Firefox Add-ons (AMO)

1. Generate API credentials

1. Sign in at addons.mozilla.org
2. Go to your API Keys page
3. Click Generate new credentials
4. Note the JWT issuer (API Key) and JWT secret

tip

AMO JWT secrets do not expire automatically, but Mozilla recommends rotating them periodically. If you regenerate them, the old credentials are immediately invalidated — update your GitHub secrets right away.

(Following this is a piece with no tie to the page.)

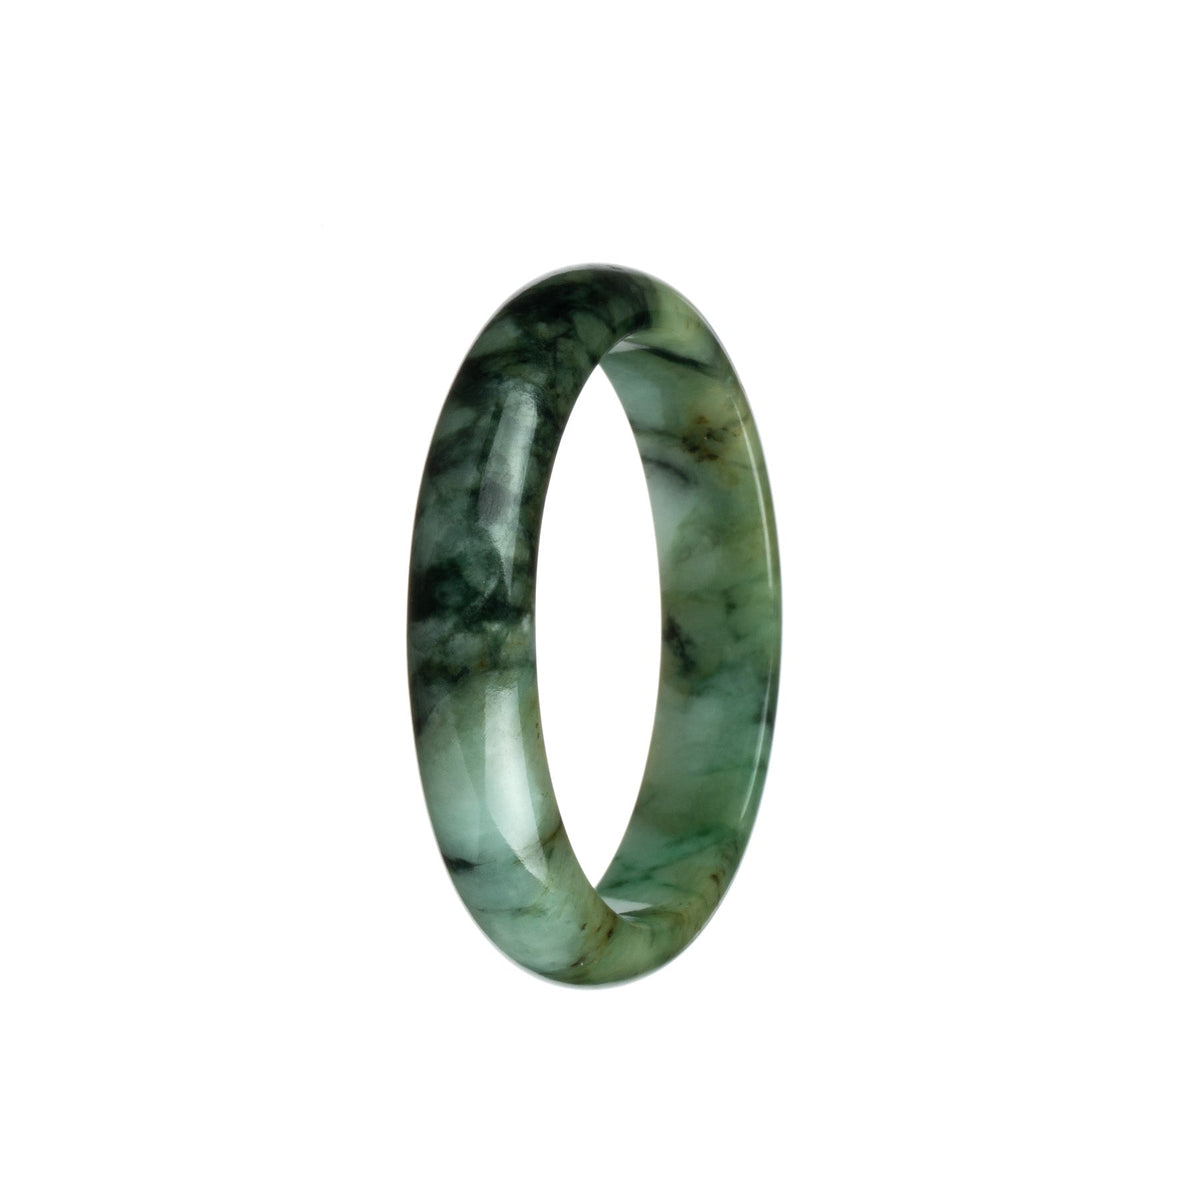 Close-up of a green and black patterned jade bangle with a half moon shape, certified as Type A.

2. Confirm your addon GUID

Your extension's GUID is defined in manifest.json under browser_specific_settings.gecko.id. For joe-links this is:

joe-links@joestump.net

You do not need to store this as a secret — it's in the manifest. But it must match the listing on AMO.

3. Add GitHub secrets

Secret	Value
AMO_JWT_ISSUER	JWT issuer from the AMO API keys page
AMO_JWT_SECRET	JWT secret from the same page

---

GitHub Actions workflow

Once the secrets are configured, add these jobs to your CI/CD workflow (.github/workflows/ci.yml). They run on version tag pushes alongside the existing release job:

publish-chrome:
  name: Publish to Chrome Web Store
  needs: build
  if: startsWith(github.ref, 'refs/tags/v')
  runs-on: ubuntu-latest
  steps:
    - uses: actions/checkout@v4

    - name: Package extension
      run: |
        cd integrations/extension
        zip -r ../../joe-links-extension.zip \
          manifest.json background.js options.html options.js \
          popup.html popup.js icons/

    - name: Upload and publish
      run: |
        npx chrome-webstore-upload-cli@3 upload \
          --source joe-links-extension.zip \
          --auto-publish
      env:
        EXTENSION_ID: ${{ secrets.CHROME_EXTENSION_ID }}
        CLIENT_ID: ${{ secrets.CHROME_CLIENT_ID }}
        CLIENT_SECRET: ${{ secrets.CHROME_CLIENT_SECRET }}
        REFRESH_TOKEN: ${{ secrets.CHROME_REFRESH_TOKEN }}

publish-firefox:
  name: Publish to Firefox Add-ons
  needs: build
  if: startsWith(github.ref, 'refs/tags/v')
  runs-on: ubuntu-latest
  steps:
    - uses: actions/checkout@v4

    - name: Submit to AMO
      run: |
        npx web-ext@8 sign \
          --source-dir integrations/extension \
          --channel listed
      env:
        WEB_EXT_API_KEY: ${{ secrets.AMO_JWT_ISSUER }}
        WEB_EXT_API_SECRET: ${{ secrets.AMO_JWT_SECRET }}

---

Publishing flow

1. Update the extension version in integrations/extension/manifest.json
2. Commit and tag a release:

   git tag vX.Y.Z && git push origin vX.Y.Z

3. The CI workflow:
   • Runs lint and tests
   • Packages the extension zip
   • Uploads to Chrome Web Store and submits for review
   • Uploads to Firefox Add-ons and submits for review
4. Both stores review the update (minutes to a few days)

Version numbers must be unique

You cannot re-upload the same version number to either store. Always bump the version in manifest.json before tagging.

---

Gotchas

Issue	Details
Chrome review times	Unpredictable — minutes to several days. Extensions with broad permissions (<all_urls>) may trigger manual review.
Chrome refresh token expiry	Set OAuth consent screen to "In production" or the token expires in 7 days.
Chrome rate limits	Max ~20 uploads per day per extension.
Firefox source code	Not required since joe-links ships raw (unbundled) JS — no build step to verify.
Firefox signing	Listed extensions are signed automatically after review approval.
AMO key rotation	Regenerating AMO credentials immediately invalidates old ones.